Search code examples
javajsouphtml-parsing

How to extract data if the div class comes after an id?


I try to get some data from div which is embedded after an ID and type=hidden. I cannot reach the class to get the links listed in that class.

I am using Jsoup with Elements and .select() or .getElementsbyId() and tried to combine them to reach the class. Without success. The site is https://www.ariva.de/aktien/suche. If you hit the search "Suche starten" button the result table pops up. In this table the links are what I want to reach.

import org.jsoup.Jsoup;
import org.jsoup.nodes.Document;
import org.jsoup.nodes.Element;
import org.jsoup.select.Elements;


public class DatenImportUnternehmen {

 public static void main (String[] args) {

  String url = "https://www.ariva.de/aktien/suche";


  try {

   Document document = Jsoup.connect(url).get();

   for (Element row : document.select("div.aktiensuche_result_table")) {
    if(row.select("input[type=hidden]").text().equals("")) {
     continue;
    }
    else {
     String raw = row.select("[type=hidden]").text();
     System.out.println(raw);

   }
   }
   }
   catch (Exception ex) {
    ex.printStackTrace();
   }
}       

I don't get any result. Eclipse just states terminated.


Solution

  • If I understand correctly you want to get to the links in the table generated when you hit the search button on https://www.ariva.de/aktien/suche.

    The first problem you are having is that the search results aren't available directly from this URL. Instead when you click the search button a POST request is made to https://www.ariva.de/aktiensuche/_result_table.m The result of this request actually contains the table with the links that I believe you are interested in. Specifically the response contains HTML which is then dynamically added to the page as the results table.
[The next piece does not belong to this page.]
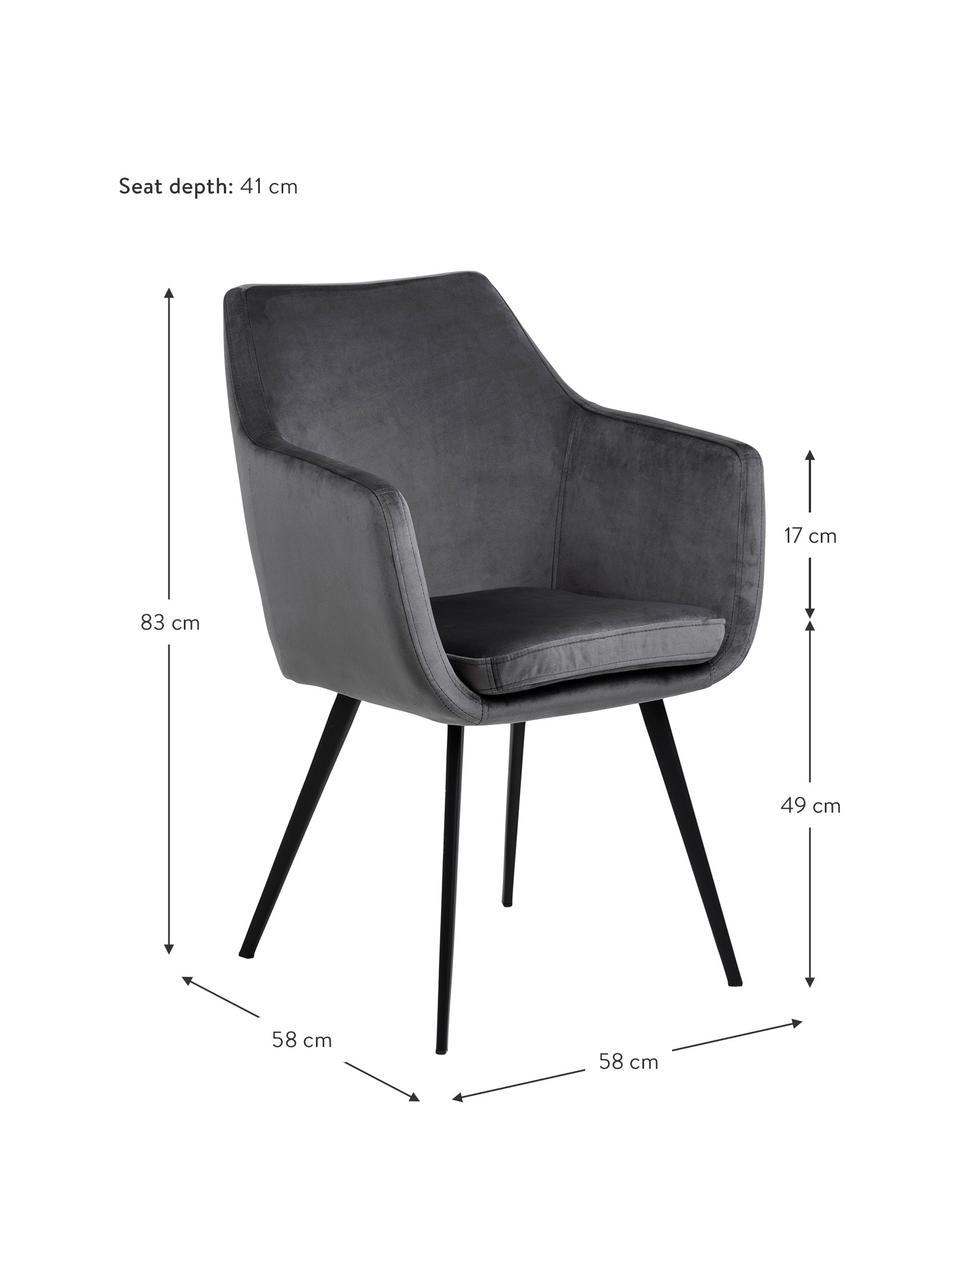 Krzesło z podłokietnikami z aksamitu Nora, Tapicerka: aksamit poliestrowy Dzięk, Nogi: metal powlekany, Ciemny szary, czarny, S 58 x G 58 cm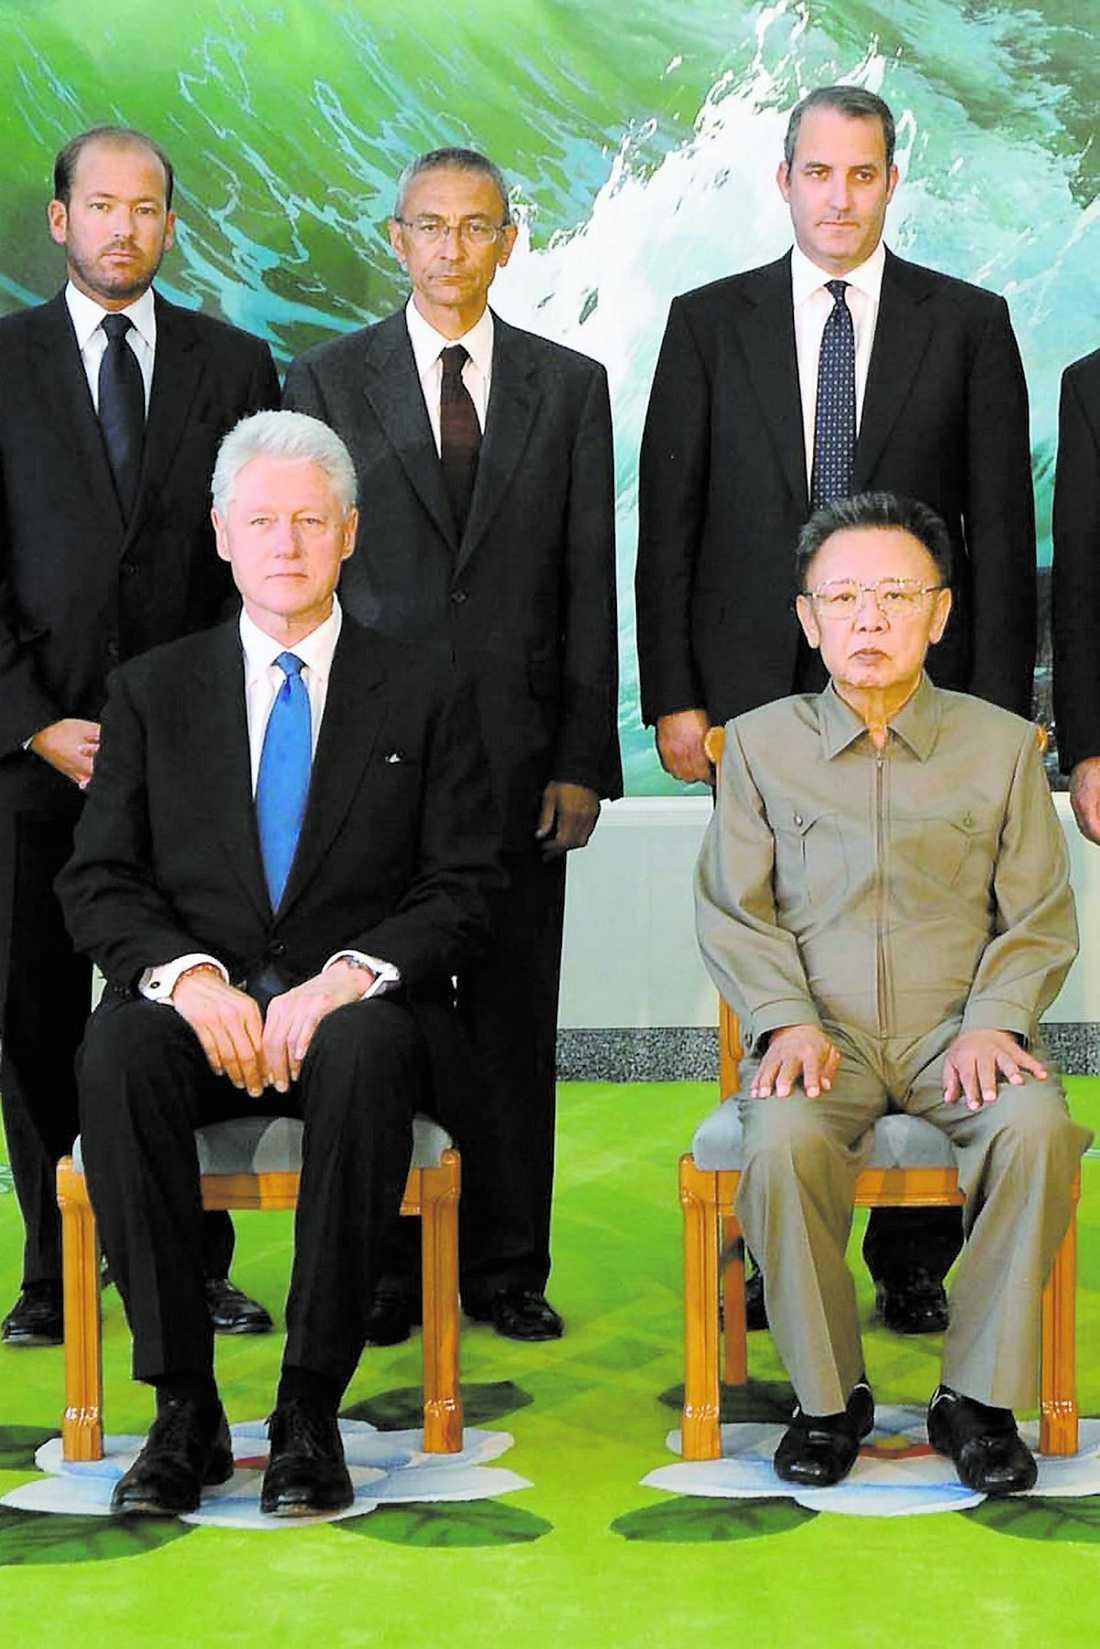 Bad om ursäkt Bill Clinton bad Kim Jong Il om ursäkt för journalisternas handlingar. Därefter var saken utagerad och Laura Ling och Euna Lee benådades.

    The second problem looks to be in the jsoup query. I can't see any hidden input fields in the result table, but it is easy enough to grab the links using document.select("a[href]").

    So for me this code:

    String searchUrl = "https://www.ariva.de/aktiensuche/_result_table.m";
    String searchBody = "page=0&page_size=25&sort=ariva_name&sort_d=asc&ariva_performance_1_year=_&ariva_performance_3_years=&ariva_performance_5_years=&index=0&founding_year=&land=0&industrial_sector=0&sector=0&currency=0&type_of_share=0&year=_all_years&sales=_&profit_loss=&sum_assets=&sum_liabilities=&number_of_shares=&earnings_per_share=&dividend_per_share=&turnover_per_share=&book_value_per_share=&cashflow_per_share=&balance_sheet_total_per_share=&number_of_employees=&turnover_per_employee=_&profit_per_employee=&kgv=_&kuv=_&kbv=_&dividend_yield=_&return_on_sales=_";
    
    // post request to search URL
    Document document = Jsoup.connect(searchUrl).requestBody(searchBody).post();
    
    // find links in returned HTML
    for(Element link:document.select("a[href]")) {
        System.out.println(link);
    }
    

    produces the output:

    <a href="/1-1_drillisch-aktie">1&amp;1 Drillisch</a>
    <a href="/11_88_0_solutions-aktie">11 88 0 Solutions</a>
    <a href="/1st_red-aktie">1st Red</a>
    <a href="/21st-_cent-_fox_b_new-aktie">21ST. CENT. FOX B NEW</a>
    <a href="/21st_century_fox-aktie">21st Century Fox</a>
    <a href="/2g_energy-aktie">2G Energy</a>
    <a href="/3i_group-aktie">3I Group</a>
    <a href="/3i_infrastructure-aktie">3I INFRASTRUCTURE</a>
    <a href="/3m_company-aktie">3M Company</a>
    <a href="/3u_holding-aktie">3U Holding</a>
    <a href="/3w_power-aktie">3W Power</a>
    <a href="/4imprint_group-aktie">4imprint Group</a>
    <a href="/4_sc-aktie">4 SC</a>
    <a href="/XS0421565150">6,625% Statkraft AS 09/19 auf Festzins</a>
    <a href="/7c_solarparken-aktie">7C Solarparken</a>
    <a href="/888_holdings-aktie">888 Holdings</a>
    <a href="/a-a-a-_aktiengesellschaft_allgemeine_anlageverwaltung-aktie">A.A.A. aktiengesellschaft allgemeine anlageverwaltung</a>
    <a href="/a-g-_barr_______ls-04167-aktie">A.G. BARR LS-,04167</a>
    <a href="/a-h-t-_syngas_technology-aktie">A.H.T. Syngas Technology</a>
    <a href="/a-s-_creation_tapeten-aktie">A.S. Creation Tapeten</a>
    <a href="/a-j_mucklow_group-1-aktie">A+J Mucklow Group</a>
    <a href="/a-jmucklow_grp_pref-_ls_1-aktie">A+JMUCKLOW GRP PREF. LS 1</a>
    <a href="/a2a-aktie">A2A</a>
    <a href="/aac_technologies_holding-aktie">AAC Technologies Holding</a>
    <a href="/aalberts-aktie">Aalberts</a>
    

    Which I hope is more or less what you are after. To set search parameters you will need to examine the search form and modify the form data in the searchBody string (or use the .data method instead of .requestBody to build the query).